As for places to watch, you could stake out a place early and stay there or you could plan to watch him come through a few towns along the way. The latter might be difficult since you aren't familiar with the area. At any rate, it will be an unforgetable experience for him (and you as well). The crowds in Boston are wonderful--real fans of running and proud of the Boston Marathon's place in the sport. I'll cross my fingers that your stepson has cool, dry weather for his Boston adventure and that you have a great time on race day and before.
Julia

----------


## GramChop

thanks, julia!  he is slowly checking off his "bucket list" and running a marathon is on the list!

we're planning on staking out one place on the route and staying there until he passes!  we have pom-poms, mardi gras beads, signs and noise makers to cheer him on!

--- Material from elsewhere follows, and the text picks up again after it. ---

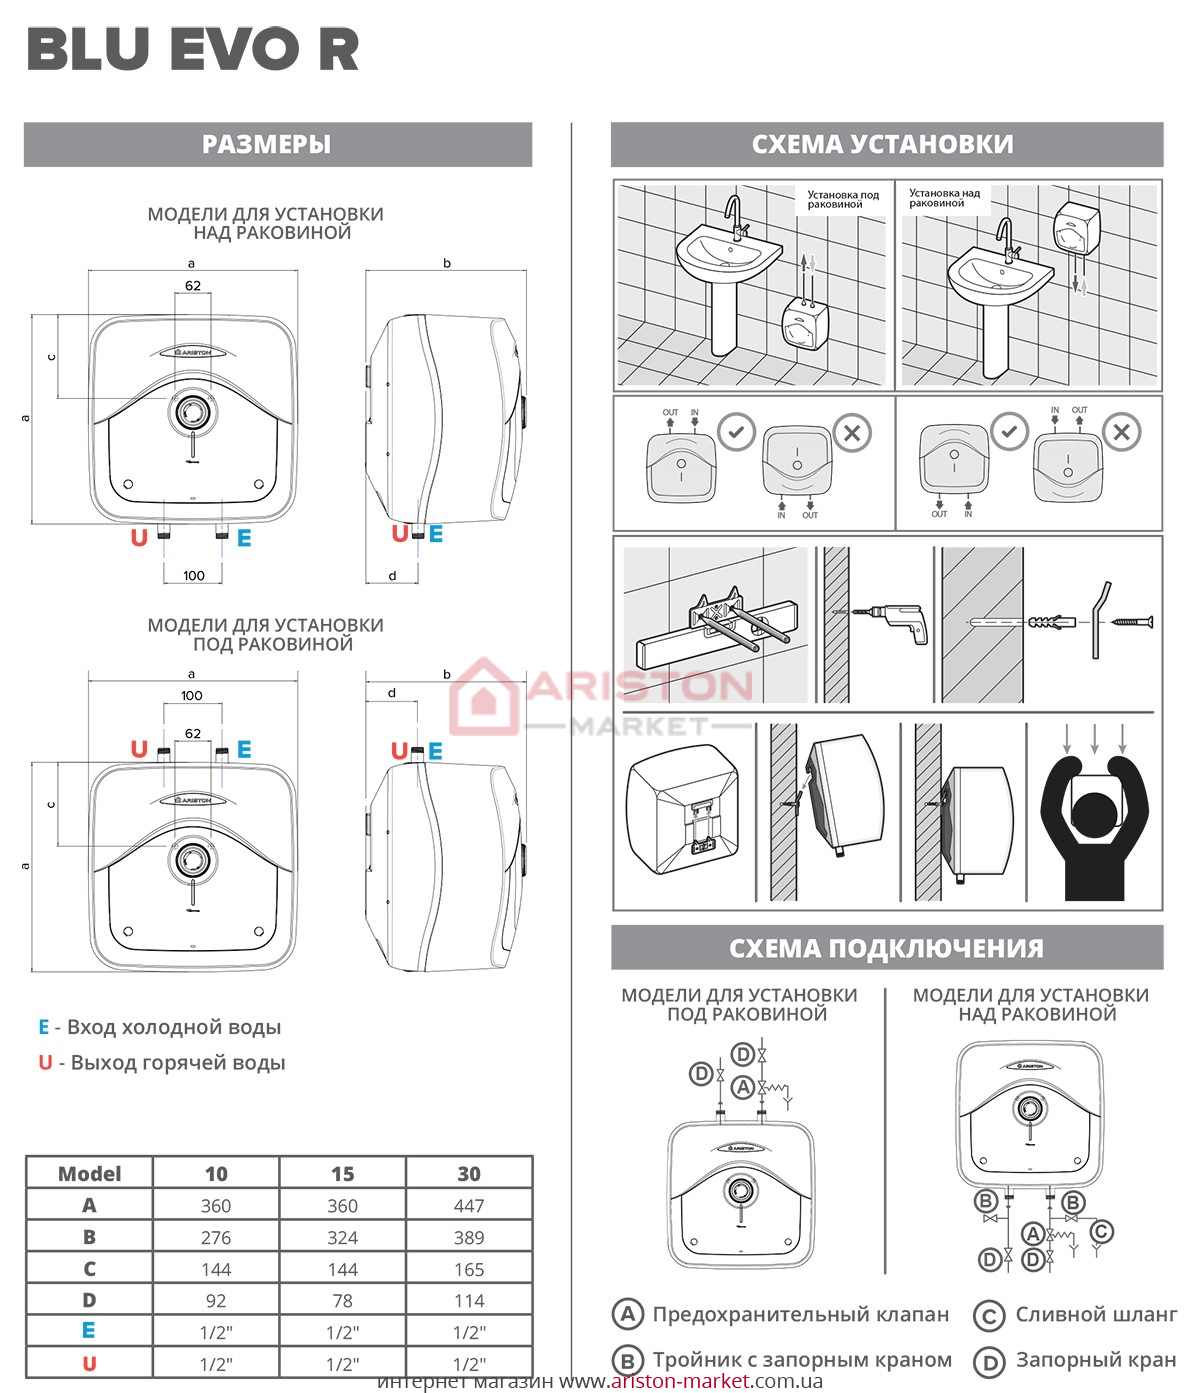 Ariston BLU Evo R 10/3 схема, габарити, креслення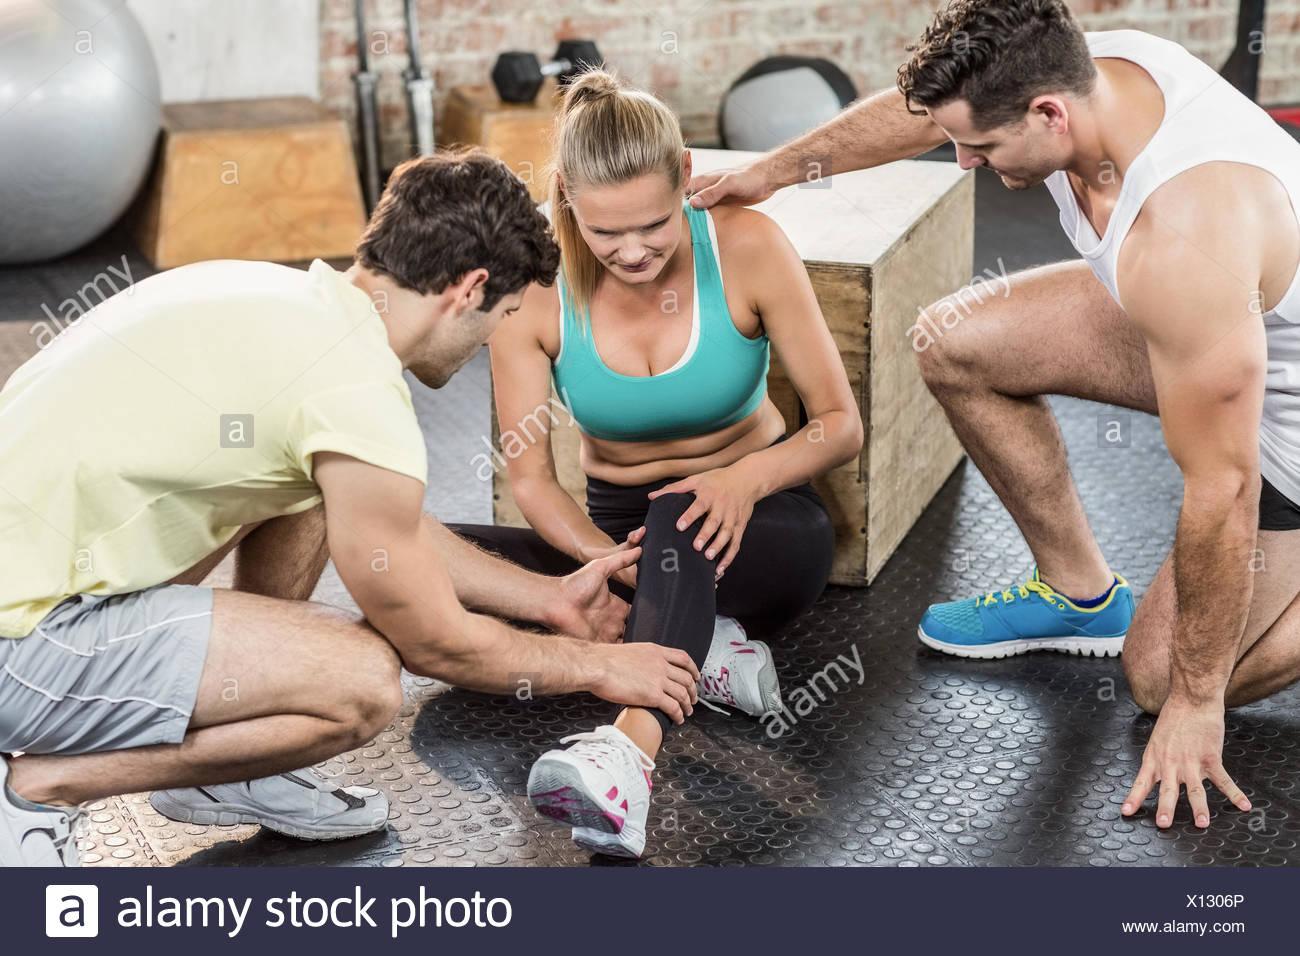 Muscular woman having an knee injury - Stock Image

hancock does, indeed, have a central meeting location for their runners/families so we will meet up with him there post-race.

thanks for the crossed fingers for weather!!!

----------


## GramChop

i'm home from my whirlwind boston massacre!  what a trip.  once i upload my photographs, i will post a report.

my step-son did run the boston marathon and he finished with an extremely respectable 4 hour 19 minute time!

----------


## amyb

I am smiling knowing you are back on the forum. A

----------


## fins85258

Anyone who can knockdown 10 minute miles for 4 1/2 hours straight is more than respectable, it's commendable. It may be half speed compared to the winner but it's still 26 miles of pounding.

----------


## GramChop

thanks, fins!  i passed on your words to my stepson and he says 'thanks'.

don't tell anyone, but he inspired me to start training.  there's a 1/2 marathon here in new orleans in february that i'm going to run.  i actually ran my first consistent mile yesterday...now 12.1 more to go!

----------


## phil62

Good for you, Gramchop. You go girl!! A

----------


## GramChop

i thought i would just let that slip by unnoticed, but you've got THE eye, amy!  i'm training slowly and steadily on my own now, but will hook up with a running team in august.  who knows, maybe i will complete a full marathon by the time i'm 50!

----------